Jakob Engel-Schmidt, who represents the Moderate Party, warned that the technique, used in recent videos by the far-right Danish People’s Party and libertarian Liberal Alliance were the “top level of  a slippery slope that could end up undermining our trust in one another and making every political message, newspaper article and artistic publication a potential battleground for whether it is true or false”. 

Which parties have used deepfake video in campaigning? 

The Danish People’s Party at the end of last month issued an AI-generated deepfake video showing a spoof speech in which Prime Minister Mette Frederiksen appeared to announce that Ascension Day, Easter and Christmas would no longer be public holidays, and that they would all be replaced by the Muslim festival of Eid as the country’s only holiday. 

This was a satirical reference to the government’s unpopular decision to abolish Store bededag, or “Great Prayer Day” as a public holiday. 

The video was clearly labelled as AI-generated, and ends with the Danish People’s Party’s leader, Morten Messeschmidt, awakening from a nightmare. 

The Liberal Alliance also released a video for Great Prayer Day, in which it used AI to turn Prime Minister Mette Frederiksen (S), Defense Minister Troels Lund Poulsen (V) and Foreign Minister Lars Løkke Rasmussen (M) into eccentric-looking characters similar to those in the film’s of the US director Wes Anderson.

What kind of a stir have the videos caused in Denmark? 

Denmark’s Minister for Digitization, Marie Bjerre, who represents the centre-right Liberal Party, was sharply critical of the Danish People’s Party’s move. 

“I think it is way over the line for the Danish People’s Party to make a deepfake of a political opponent. I don’t think it’s proper either, and they shouldn’t do it,” she said. “It is also a problem for our democracy and society. Because with deepfakes, you can create material that looks extremely credible, which means that you can really spread misinformation. That is why it is also very serious that the Danish People’s Party is using deepfake for this kind of thing.” 

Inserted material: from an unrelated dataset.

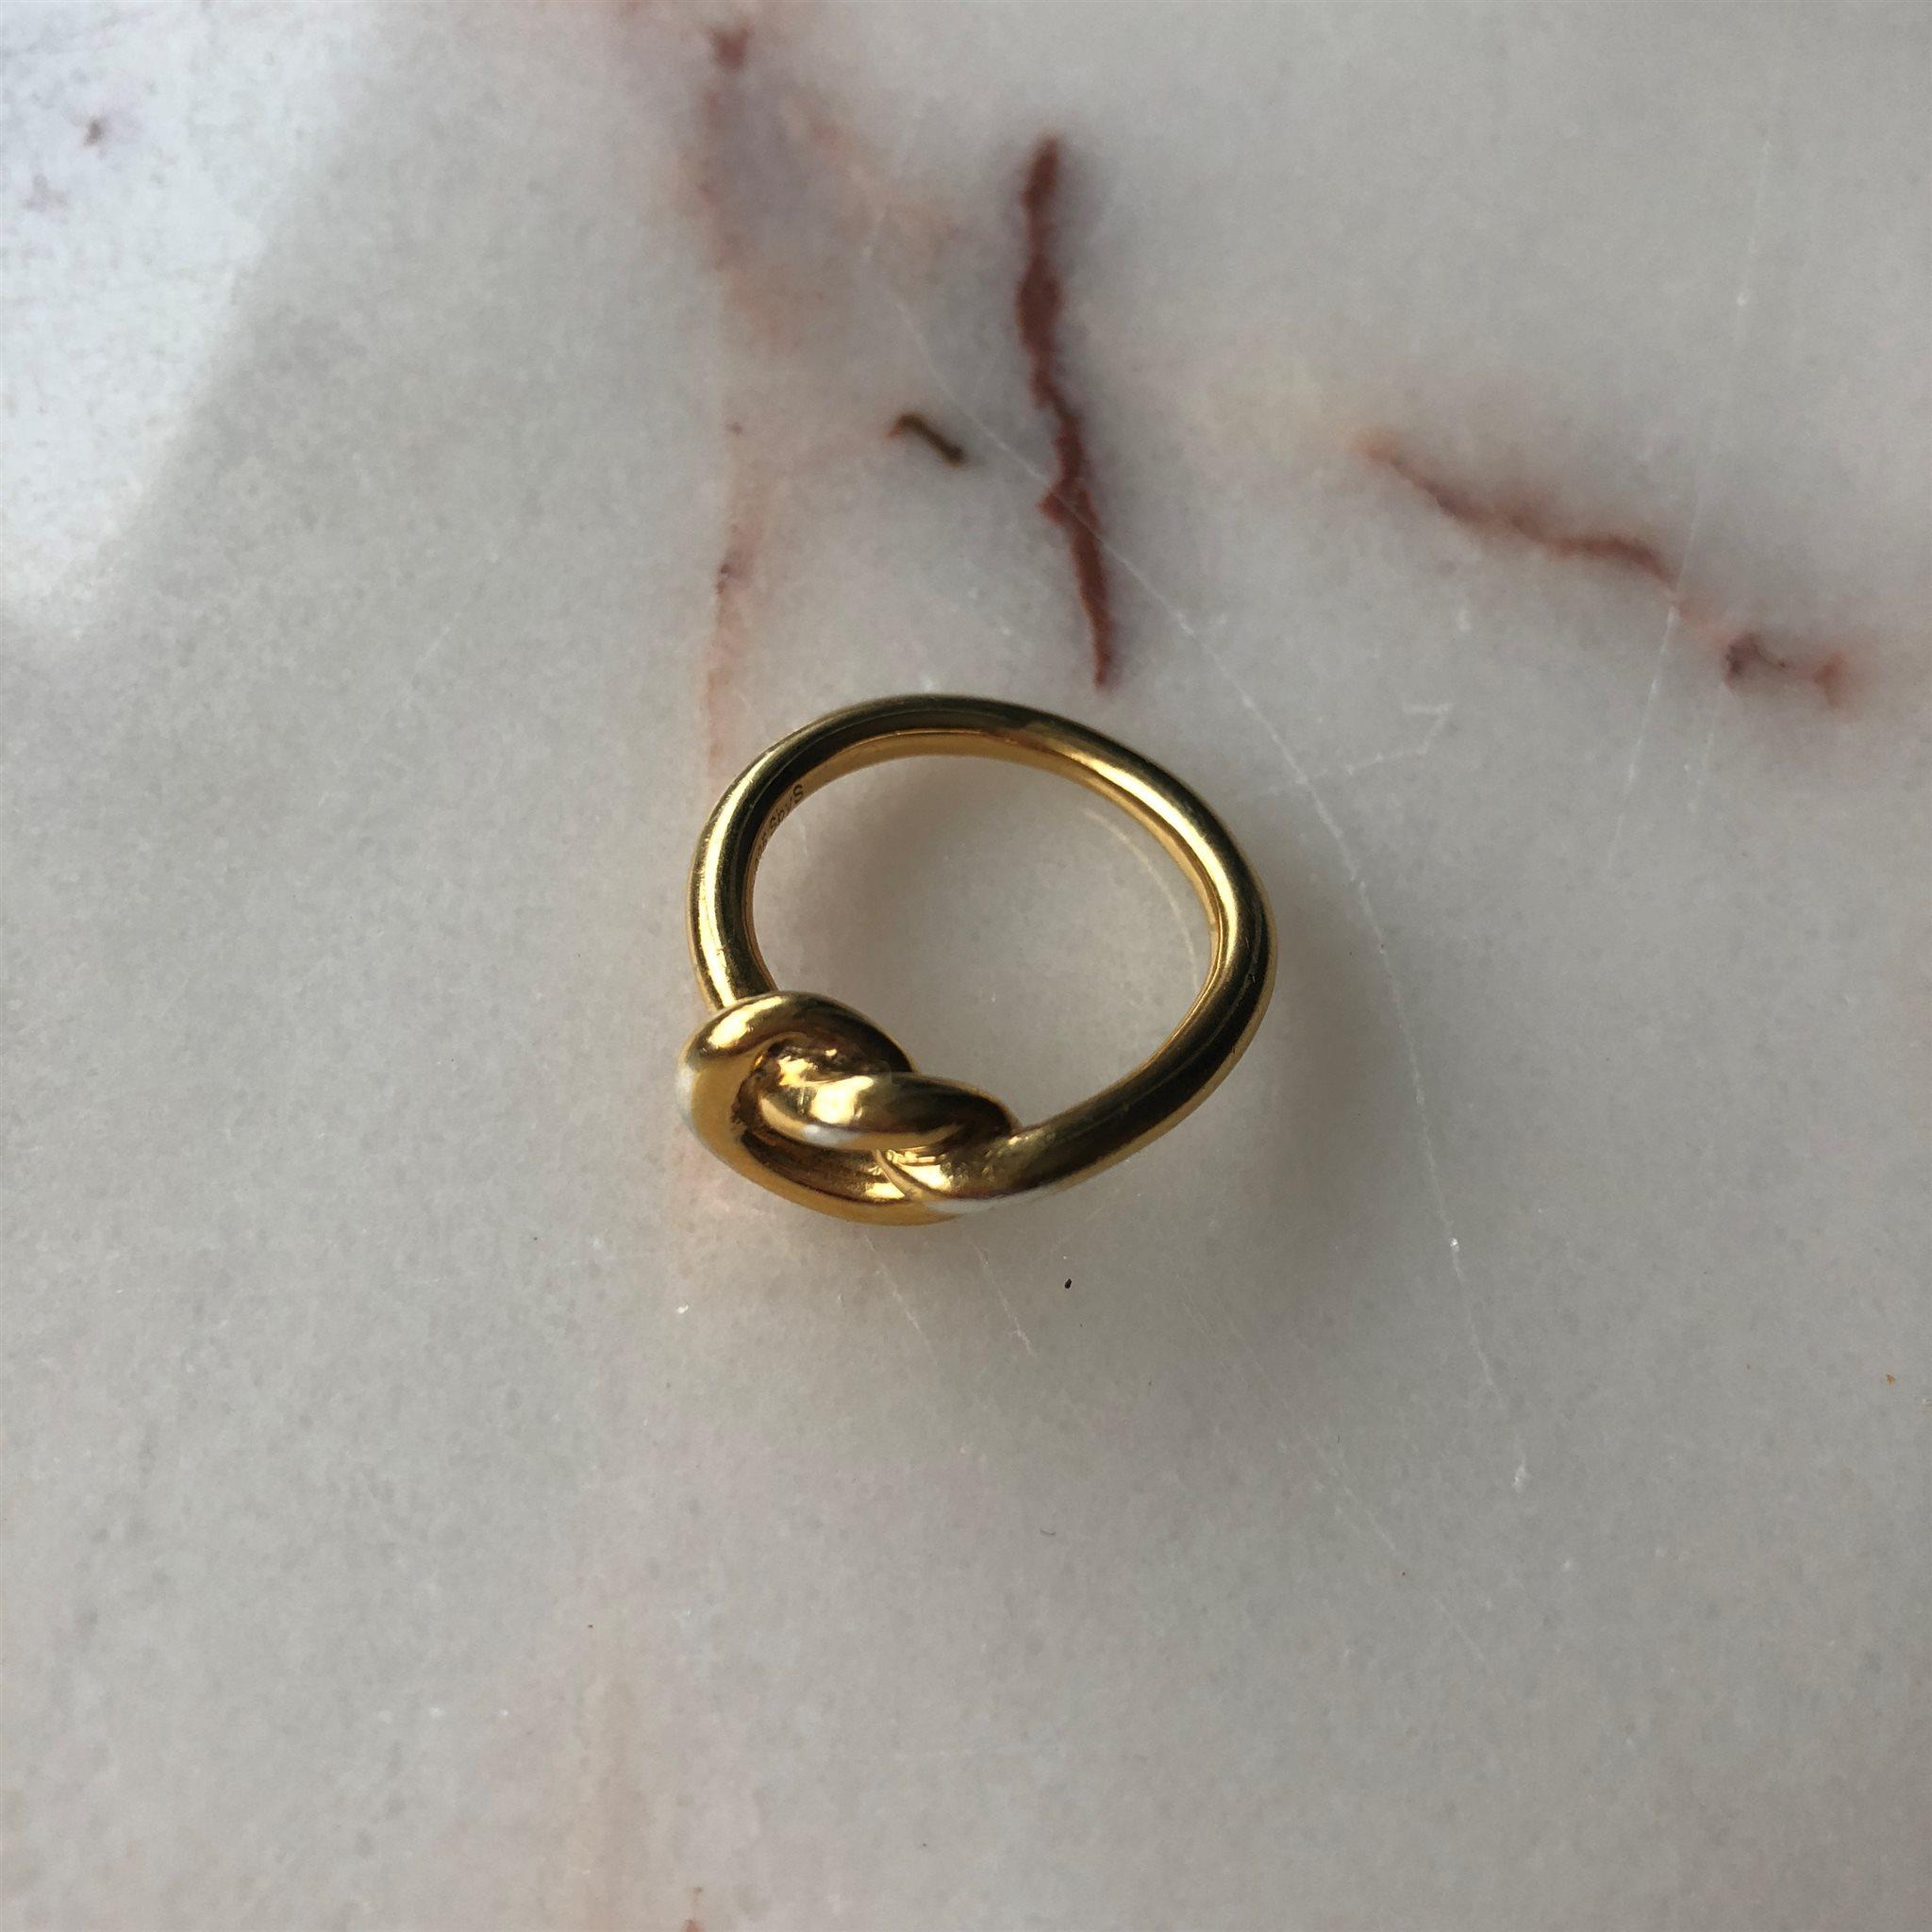 Sophie by Sophie knot ring guld (336487566) ᐈ Köp på Tradera 2ef8739723788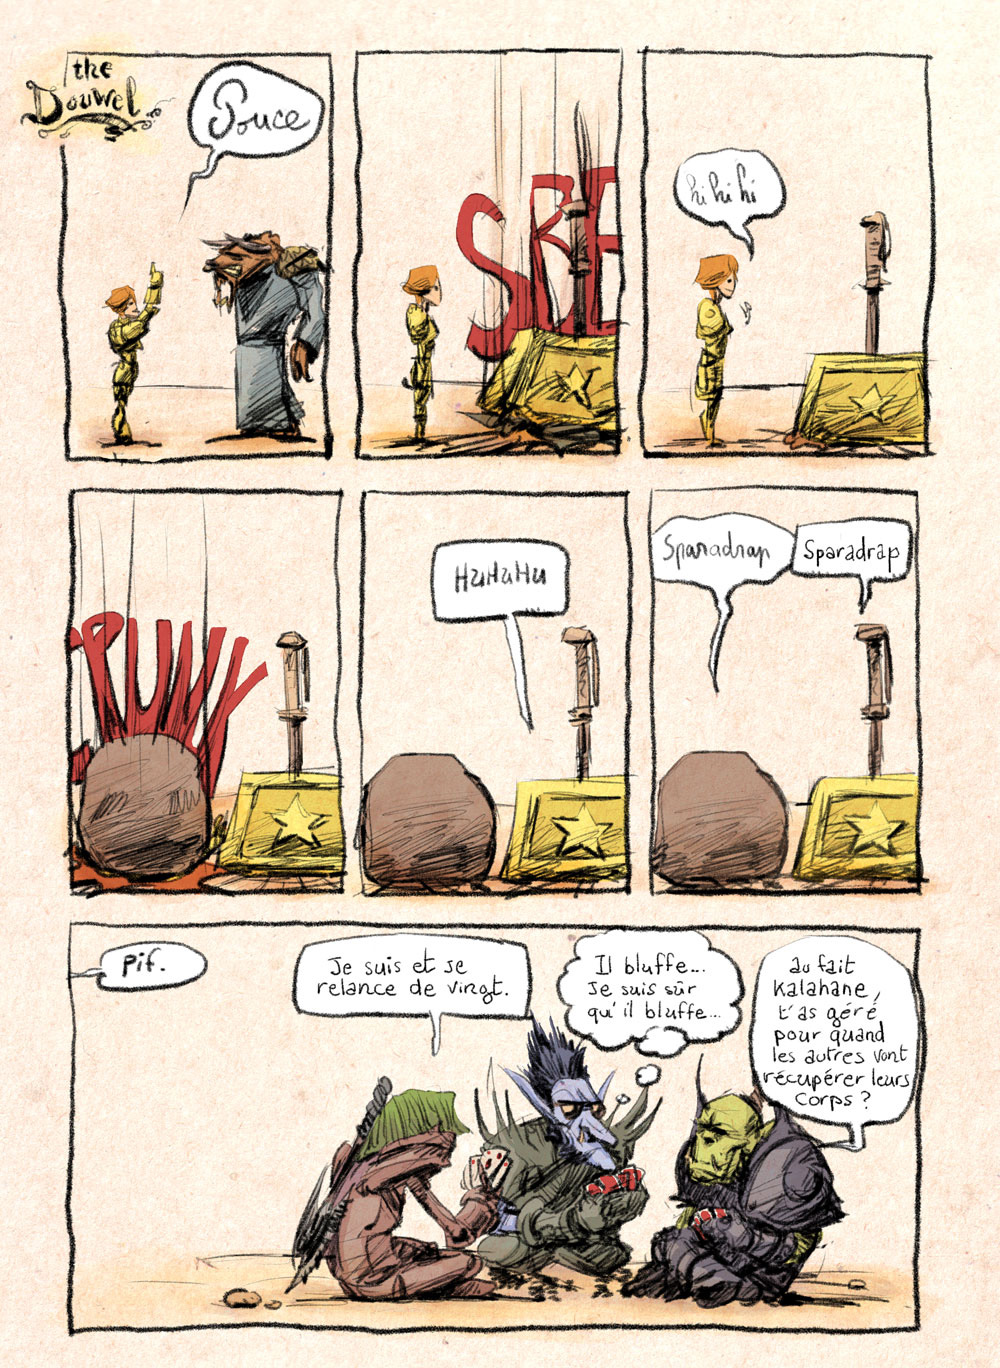 Aventures de Stevostin, tome 1 : La Porte Sombre. Planche 55.

She said that such videos should only be allowed if the organisation making or distributing them have received consent from the person depicted. 

“If you want to make deepfakes of people, you must ask for permission. That will be the proper way to do it,” she said. 

Messerschmidt defended the video as light-hearted satire that at the same time educated Danish people about the new technology. 

“What we can do is show Danes how to use the new technologies and how to use them in a good way, like here in an entertaining and satirical way,” he said. 

Although Engel-Schmidt said he was concerned about the use of deepfake videos in politics, he acknowledged that the light-hearted videos released by the two parties were in themselves unlikely to deceive anyone.  

How does Engel-Schmidt hope to regulate such deepfake videos? 

He said he aimed to see whether copyright law could be used to regulate such videos.

Presumably this would mean seeing whether, under law, people have a right to the use of the own image, personality or voice, and can therefore forbid them from being used without permission. 

What do the experts say? 

Christiane Vejlø, one of Denmark’s leading experts on the relationship between people and technology, welcomed the government’s moves towards regulating deepfake videos, pointing to the impact they were already having on politics in other countries such as India and the US.

“There is no doubt that we will have to deal with this phenomenon. It has an impact on something that is most important to us in a democracy – namely trust and faith in other people,” she told Denmark’s public broadcaster DR.

In the current Indian election campaign, she said that deepfakes of popular Bollywood actors had been used to criticise the current government and encourage voters to vote for the opposition.

“In India and the USA we see politicians saying things they could never think of saying. We are getting an erosion of the truth,” she said. 

She said that even if the videos were clearly labelled as AI-generated, it did not necessarily make them unproblematic. 

“Even if you can see that it is a deepfake, it can still influence voters to think that there is something wrong with them [the politician] or that they look stupid,” she said. “We have a situation where another person is used as a digital hand puppet.”